Дача на Валэре Борду не досталась, придется ему с этим смириться, и все же что-то сломалось.
В августе Борд заезжал к отцу с матерью на Бротевейен, просто проведать их, и мать сказала, что отец постарел и что работу на даче он уже не осилит, ни траву косить, ни полоть, поэтому старый дом они отдали Астрид, а новый – Осе. Борд, к тому времени смирившийся с тем, что дачи ему не видать, спросил, сколько Астрид с Осой заплатили. Когда мать озвучила сумму, Борд развернулся и вышел. Эта капля оказалась последней. Сумма была мизерная. Они намеренно взяли с сестер так мало, чтобы и нам с Бордом выплатить компенсацию поменьше. Так было задумано, и Астрид с Осой сочли это справедливым. Каково бы им было, окажись они на нашем месте? У каждой из них по двое детей – значит, с ними они тоже так в свое время обойдутся? Завещают дачи лишь одному из детей? Нет. Это очевидно. Для того, кому дача не достанется, это будет ударом, потому что это означает, что того, кто остался без дачи, родители любят меньше.
Борд развернулся и зашагал прочь. Пусть радуется, что вообще хоть что-то получил, – так крикнула ему вслед мать. Это нам с ним предлагалось радоваться, что мы вообще хоть что-то получили. Завещание, которое нам прислали несколько лет назад на Рождество, то самое, которое Борд попросил ему прислать, можно в любой момент изменить, вероятнее всего, его уже изменили, если оно вообще еще существует, а может статься, никакого завещания больше нет, и тогда, получается, старый дачный дом отдан в подарок Астрид, новый – Осе, ну а мы, Борд и Бергльот, – наши имена созвучны – вообще не получим компенсации.
Я понимала – Борд потрясен несправедливостью, с которой мать с отцом обошлись с нами, и тем, что Астрид и Оса беспрекословно согласились с ними и даже не попытались вразумить родителей, что отныне отношения между братом и сестрами навсегда испорчены. И им наплевать, что Борд чувствует себя обделенным и обиженным, а их, совершенно очевидно, ни капли не заботит его мнение, и вести себя с братом достойно они не считают нужным. Борду и раньше доставались тумаки, и наследство стало для него последней затрещиной. Я поняла, что он готов закончить с ними отношения. Мне тоже доставались тумаки, а последнюю затрещину я получила пятнадцать лет назад – тогда я и порвала с родителями.
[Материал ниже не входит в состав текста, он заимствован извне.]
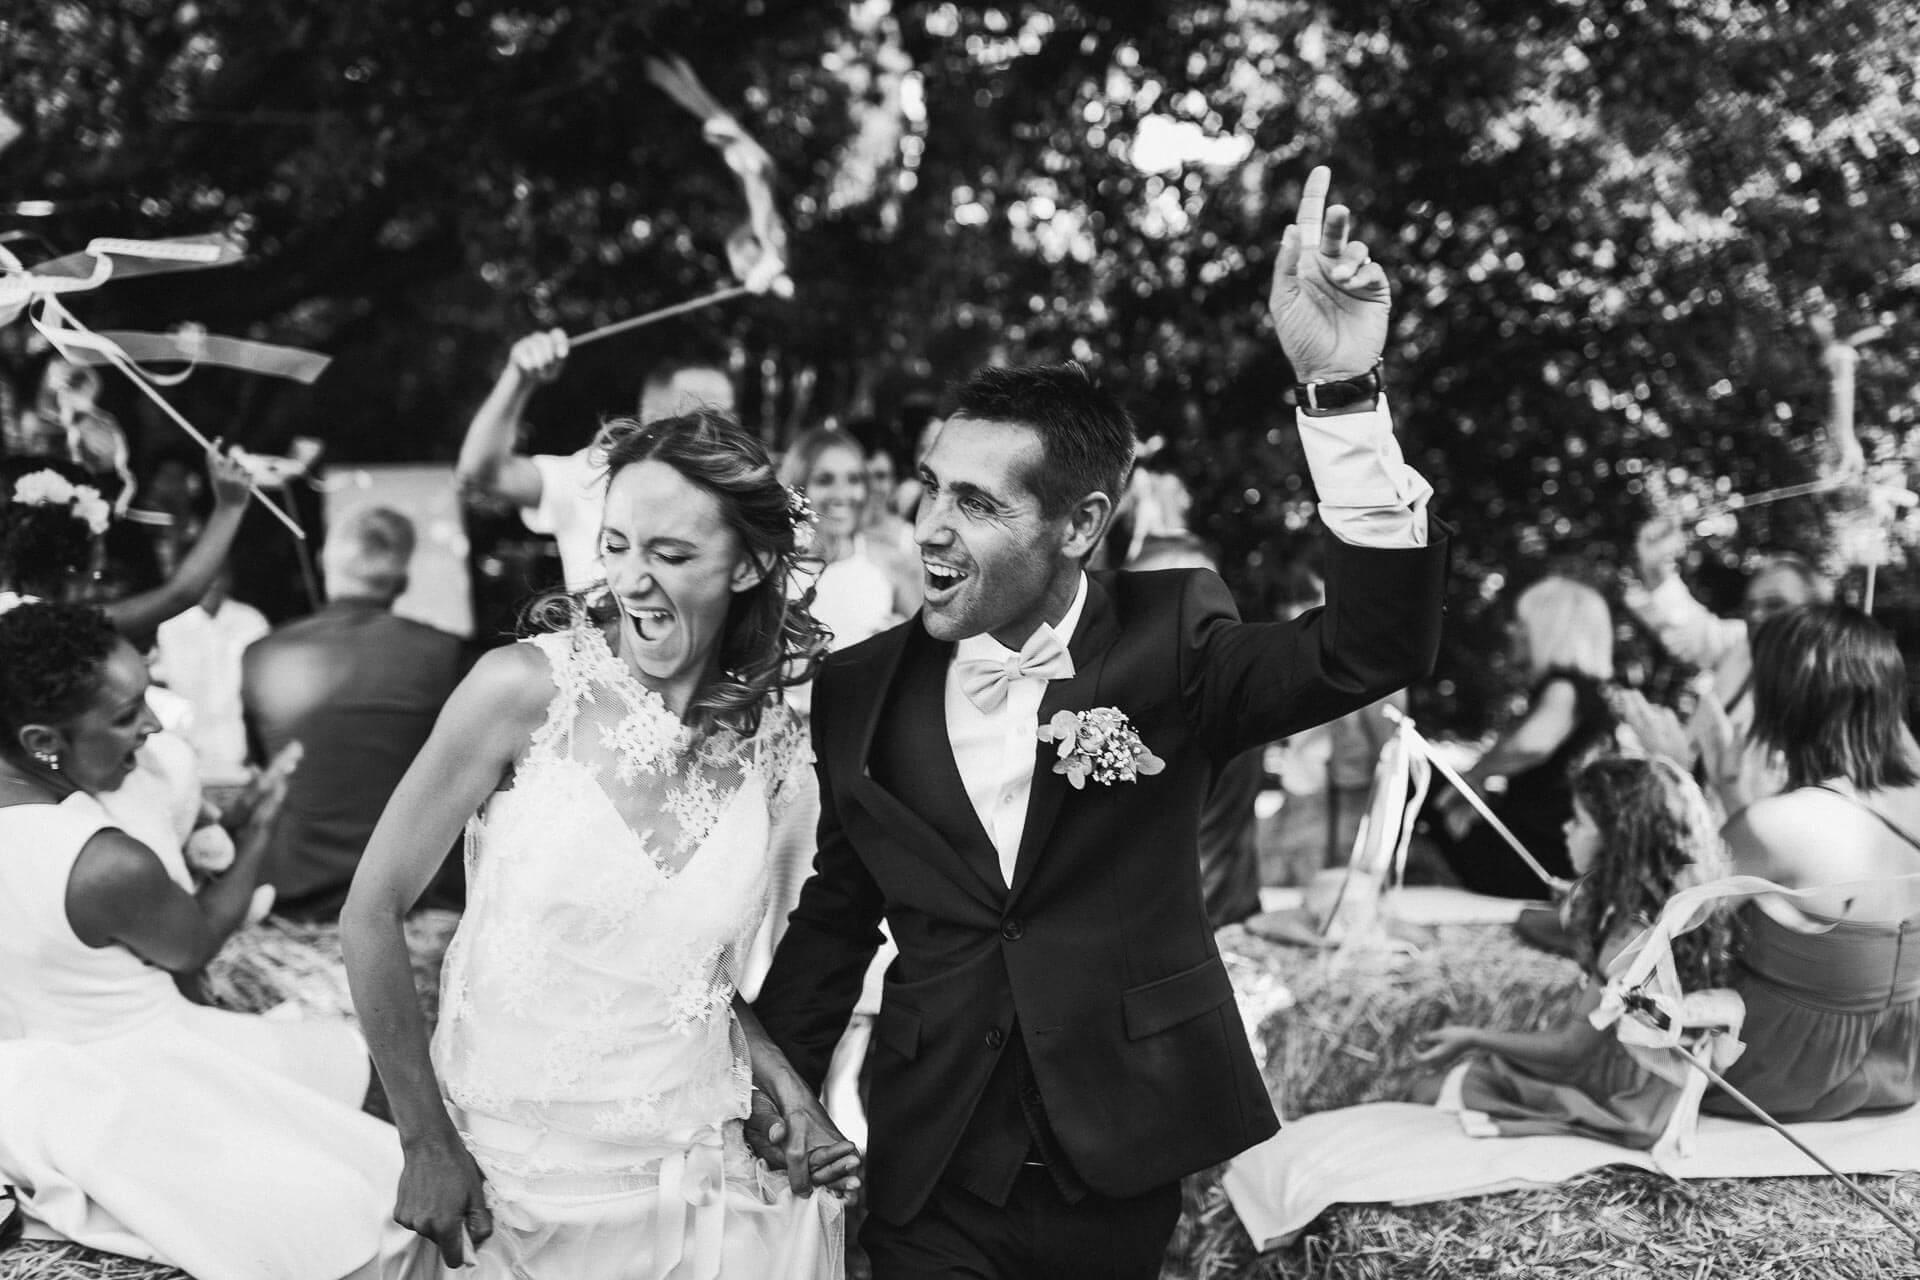 photographe-mariage-aix-en-provence-stephanie-jerome-16
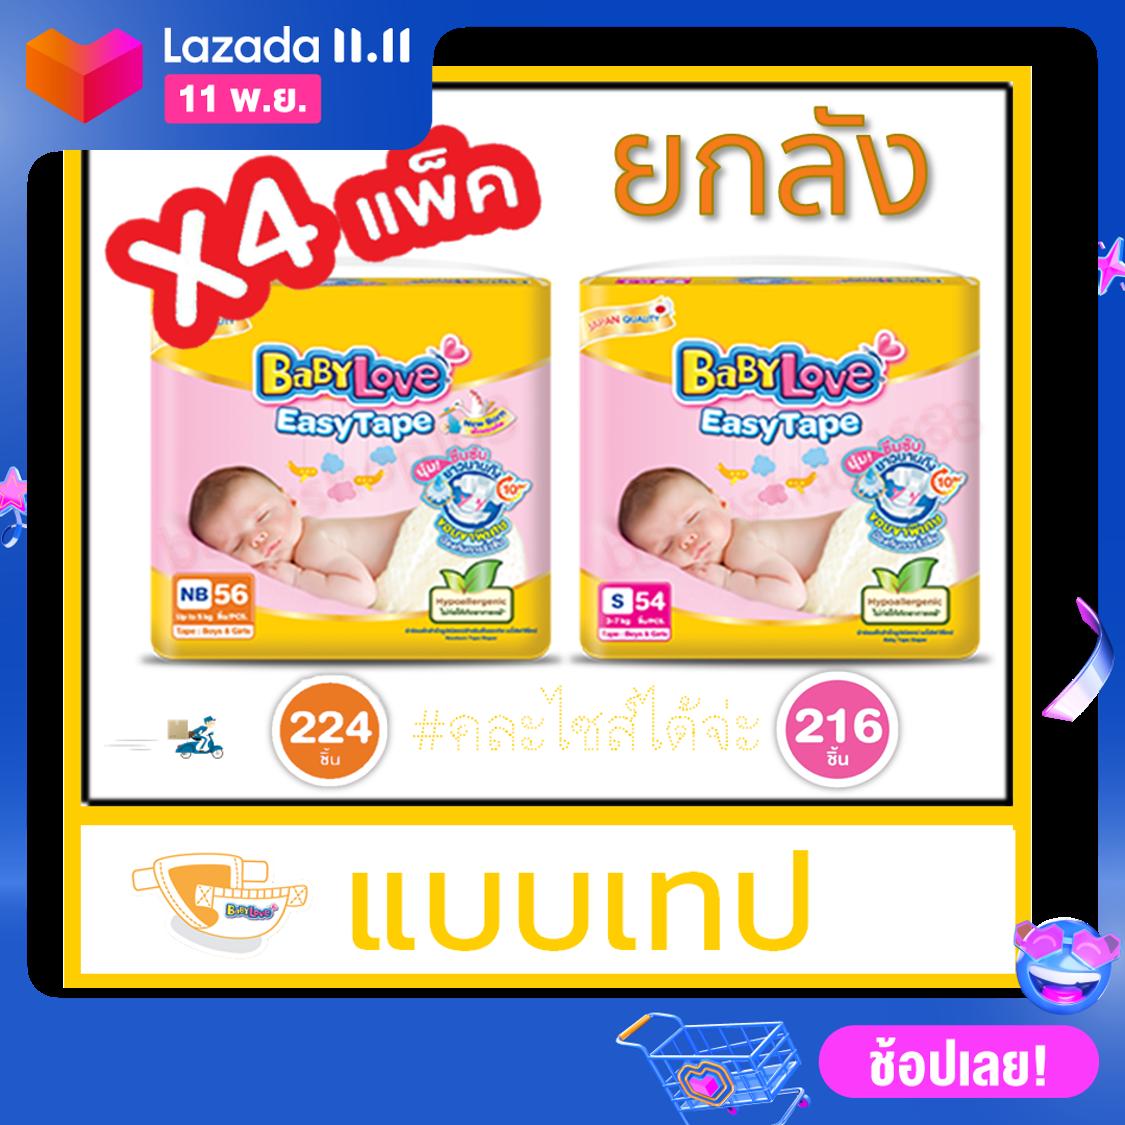 BabyLove Easy Tape เบบี้เลิฟ แพมเพิส ผ้าอ้อมเด็ก (ยกลังราคาถูก) ไซส์ S, NB 4 แพ็ค

Это произошло тринадцатого марта тысяча девятьсот девяносто девятого года возле киоска «Нарвесен» на улице Богстадвейен.
К тому моменту я уже пару лет старалась свести общение с родственниками к минимуму – ради детей, потому что те были маленькими, и от меня зависело, общаются ли они со своими бабушкой и дедушкой, тетками и дядьями, двоюродными братьями и сестрами. Я поступала так, чтобы мать не давила на меня, не ныла и не взывала к моей совести, но вести себя ровно и спокойно с человеком, утверждающим, будто любит меня, было непросто. Когда я послала ей обычную короткую открытку из Рима, то в ответ получила письмо, где мать писала, как она ждет Рождества, потому что наконец увидит меня и мы сможем провести праздники как обычная семья. Я не в силах была совладать с собой, я выходила из себя, мне казалось, будто меня намеренно не замечают, потому что нормальной семьей мы стать не могли и не были, я объясняла это снова и снова, а они не слушали, не желали слышать. Но отпраздновать Рождество как нормальная семья? При одной мысли об этом меня тошнило, я позвонила родителям, и, когда они не взяли трубку, я оставила хамское сообщение, что Рождество мне вообще не сдалось, что видеть я их не хочу, как подумаю, что придется с ними встречаться, меня сразу охватывает ужас и отвращение, что для меня физически тяжело на них смотреть. Впрочем, на следующее утро мне уже было стыдно за мою злобу, мой гнев, мои чересчур сильные детские эмоции, я позвонила Астрид и попросила ее съездить на Бротевейен и стереть то недоброе сообщение. «Но они его уже прослушали», – ответила Астрид так озабоченно, что я поняла: мать с отцом расстроились, а Астрид считает меня жестокой, потому что я посмела расстроить моих стареньких родителей. Сама себе я тоже казалась жестокой, но еще мне стало неуютно: мне хотелось, чтобы Астрид меня тоже поняла, но этого я от нее так и не добилась.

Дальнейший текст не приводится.